■ **Exercise data**
━━━━━━

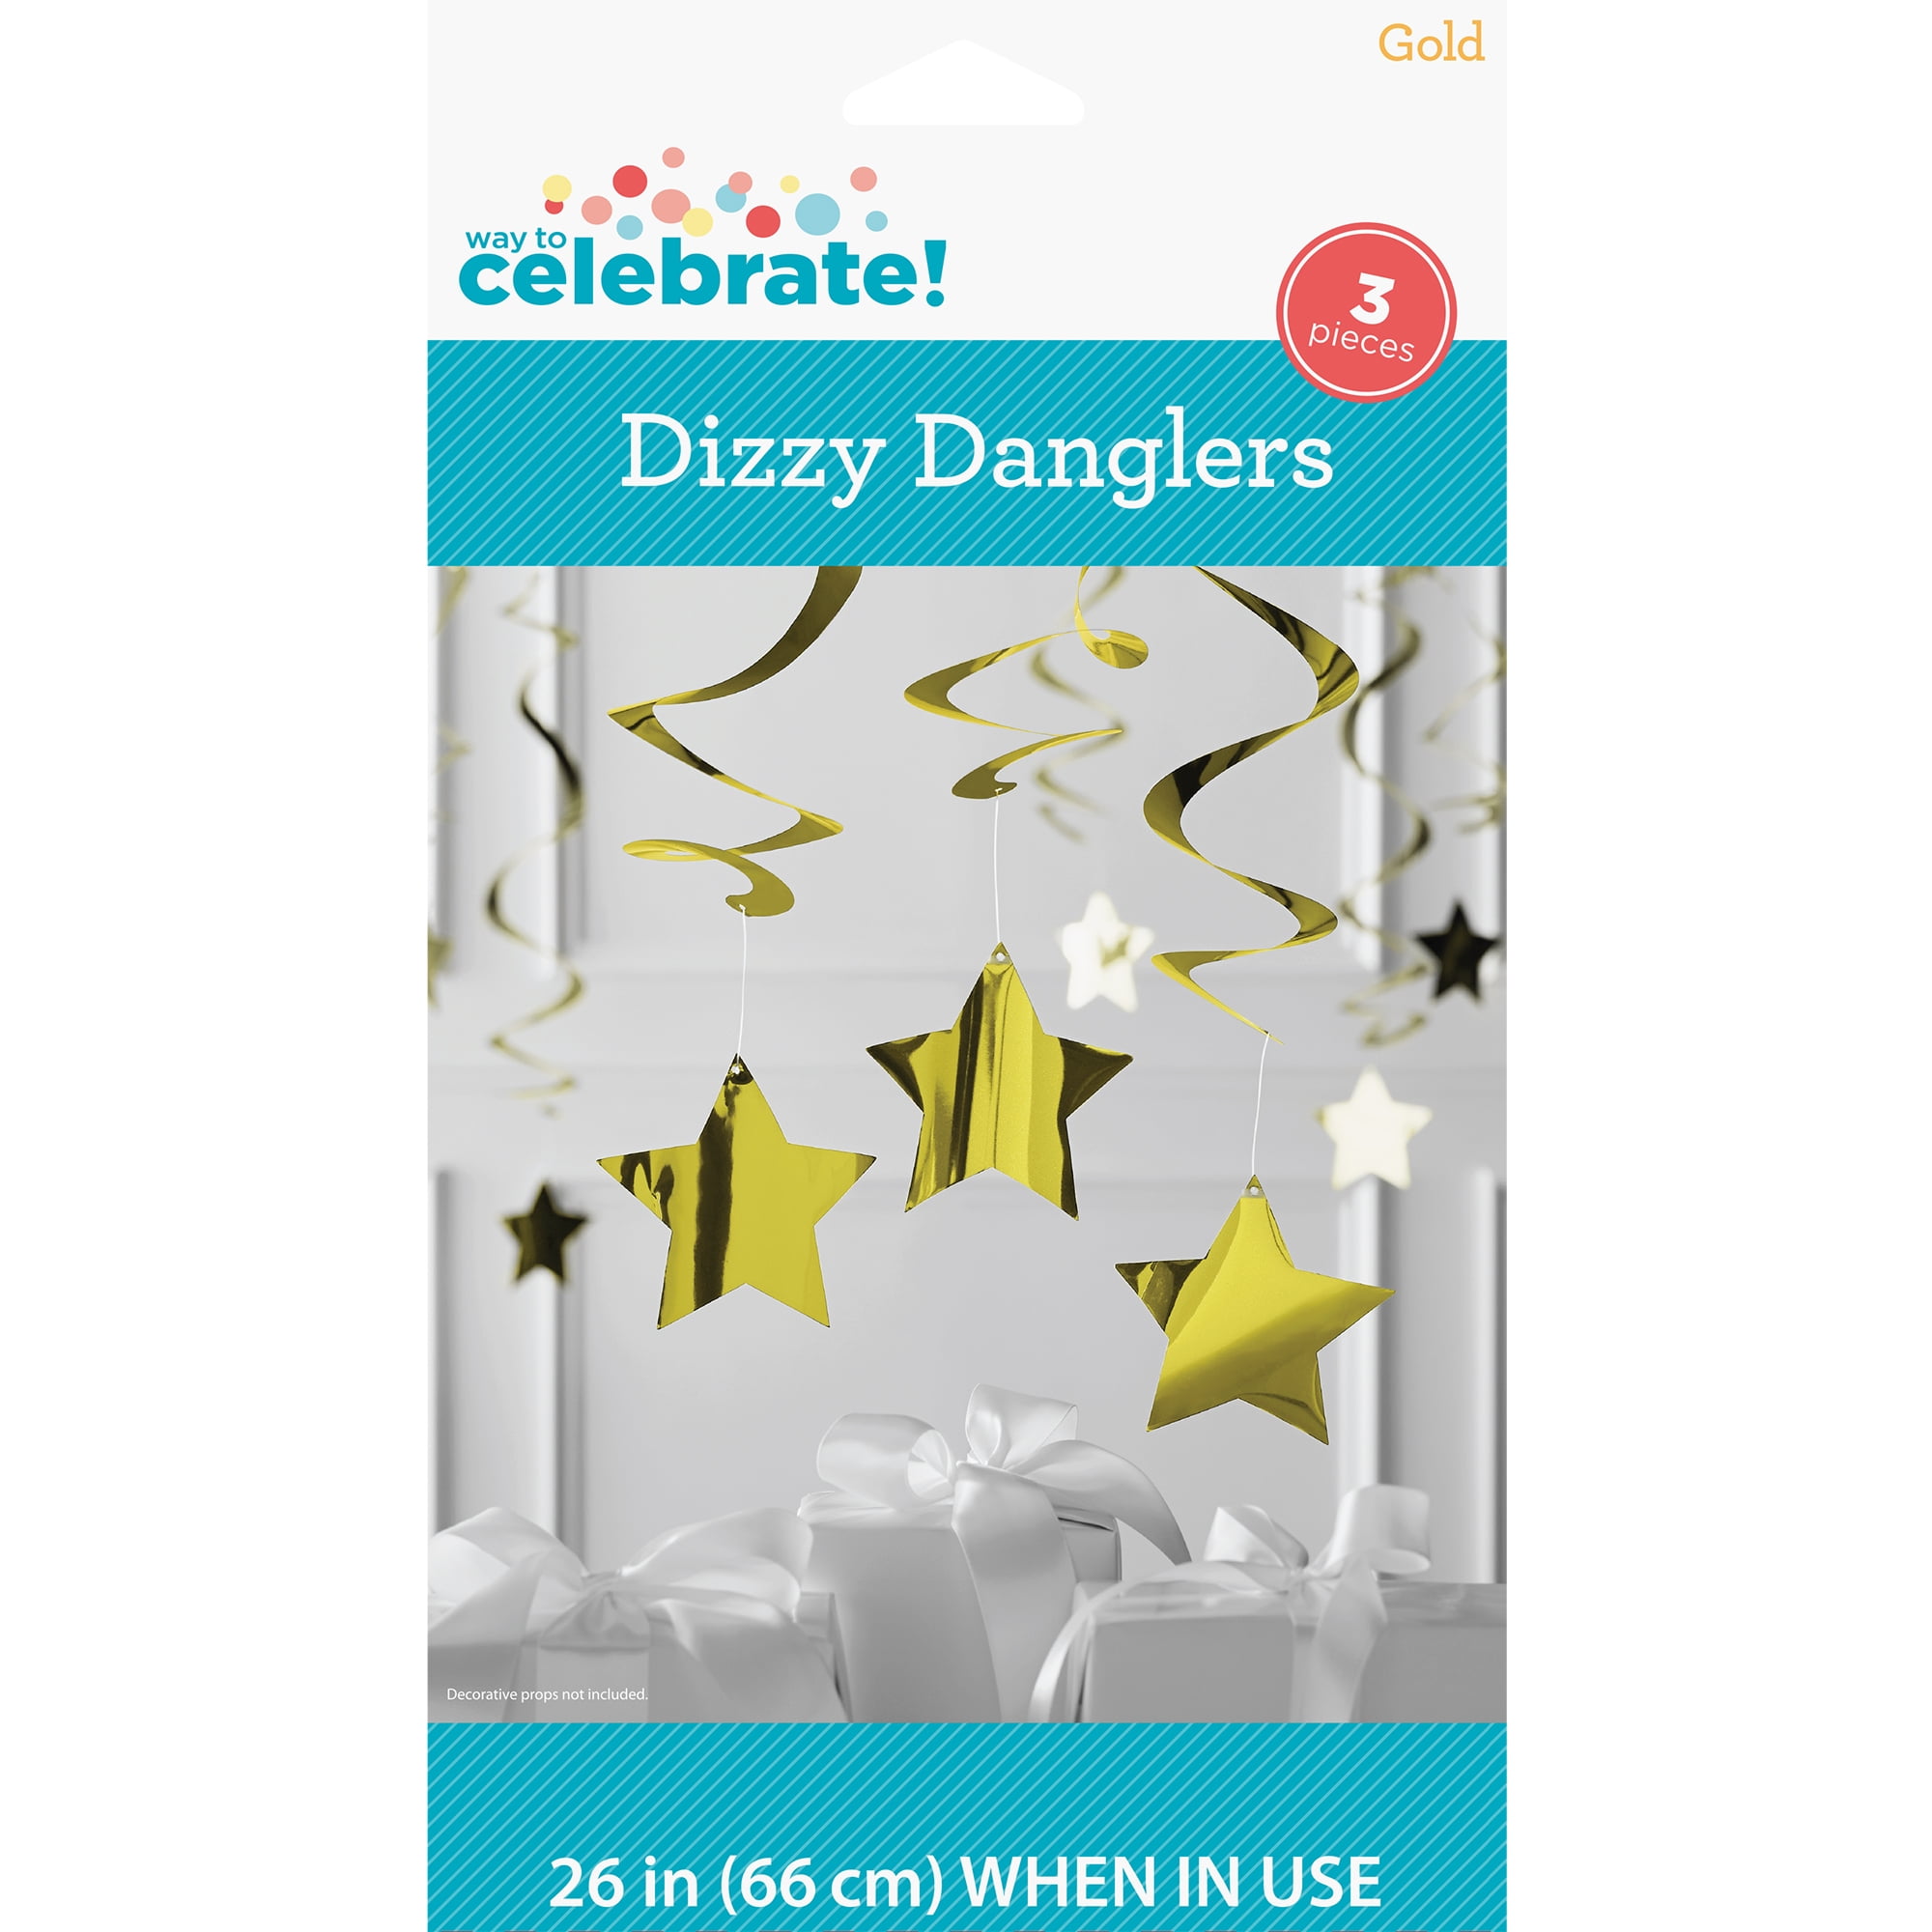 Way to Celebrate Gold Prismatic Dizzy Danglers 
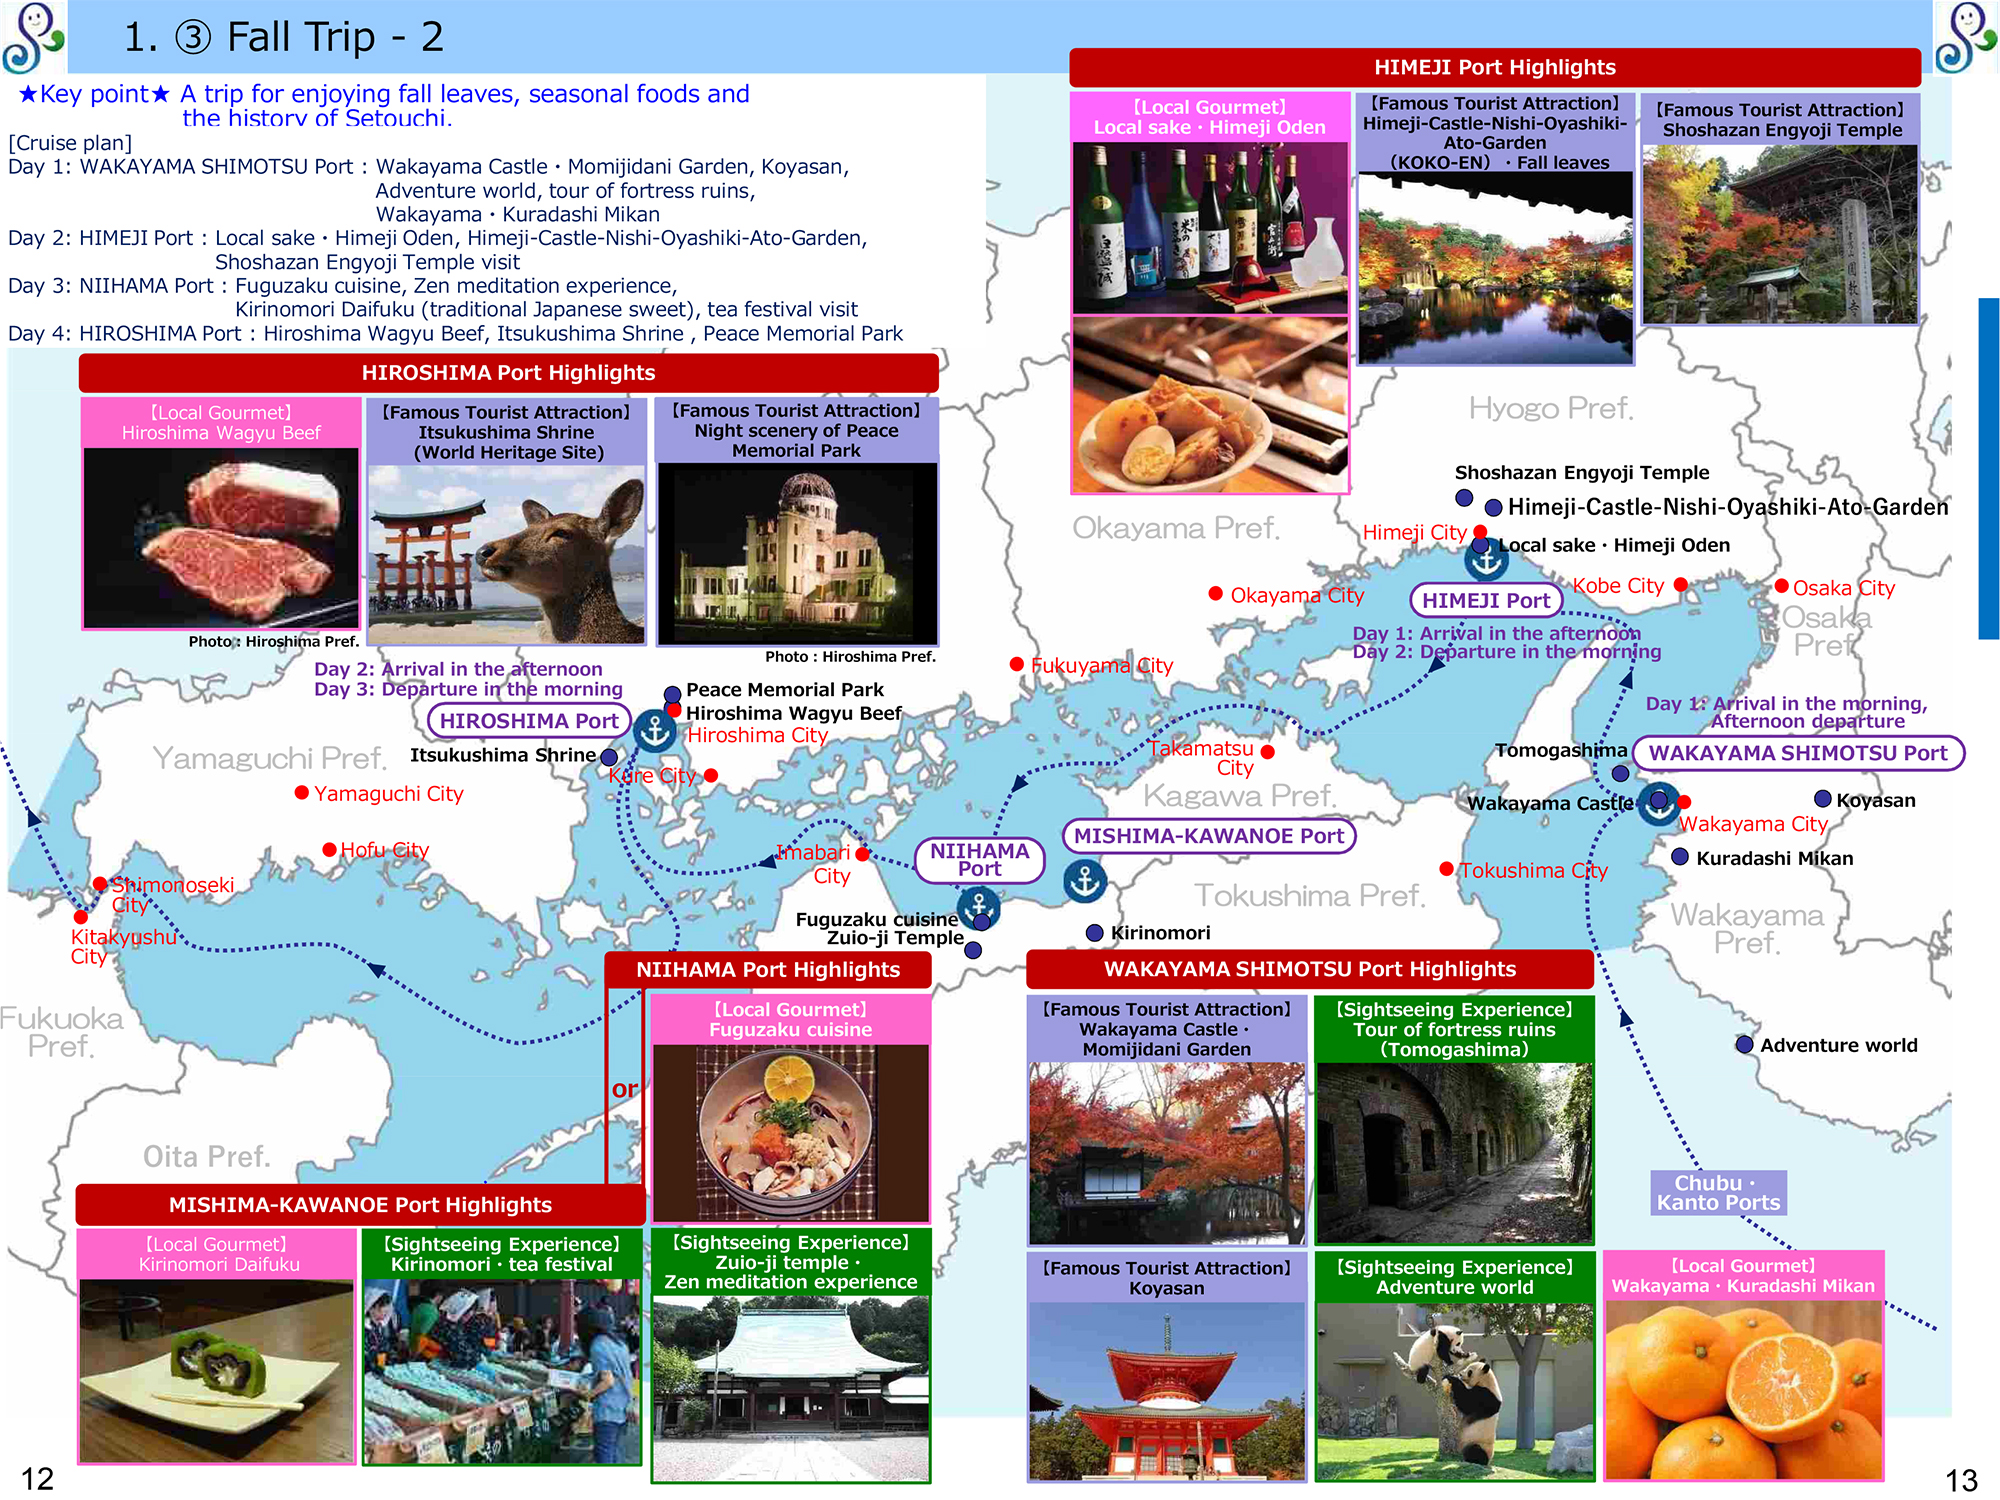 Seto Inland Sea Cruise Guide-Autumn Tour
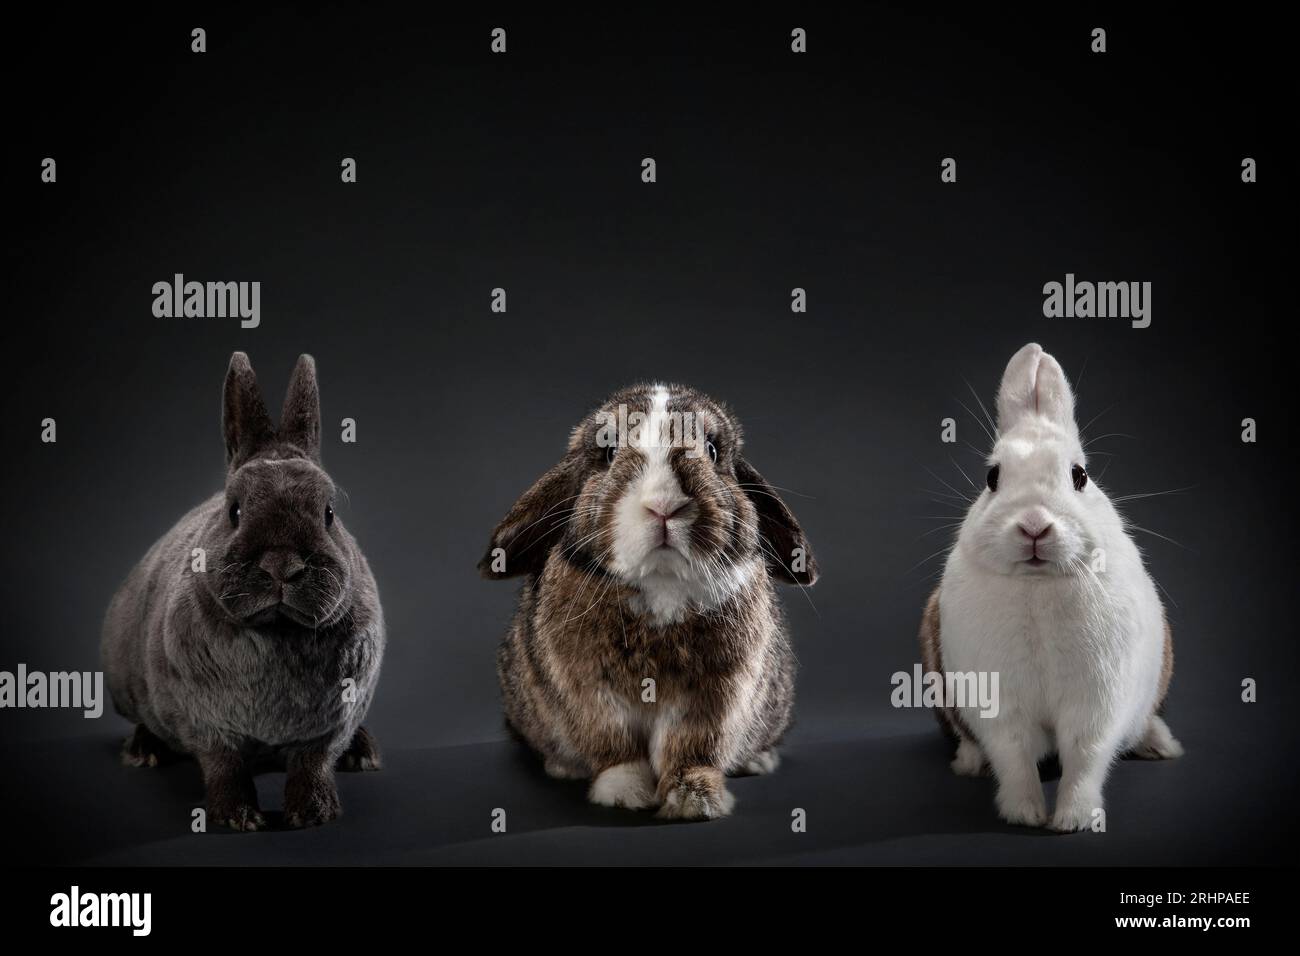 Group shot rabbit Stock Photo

━━━━━━

■ **Exercise details**
The copy must match every line of the data exactly and contain no pictures.

■ **Solution below**
 Way to Celebrate Gold Prismatic Dizzy Danglers 
 Seto Inland Sea Cruise Guide-Autumn Tour
 Group shot rabbit Stock Photo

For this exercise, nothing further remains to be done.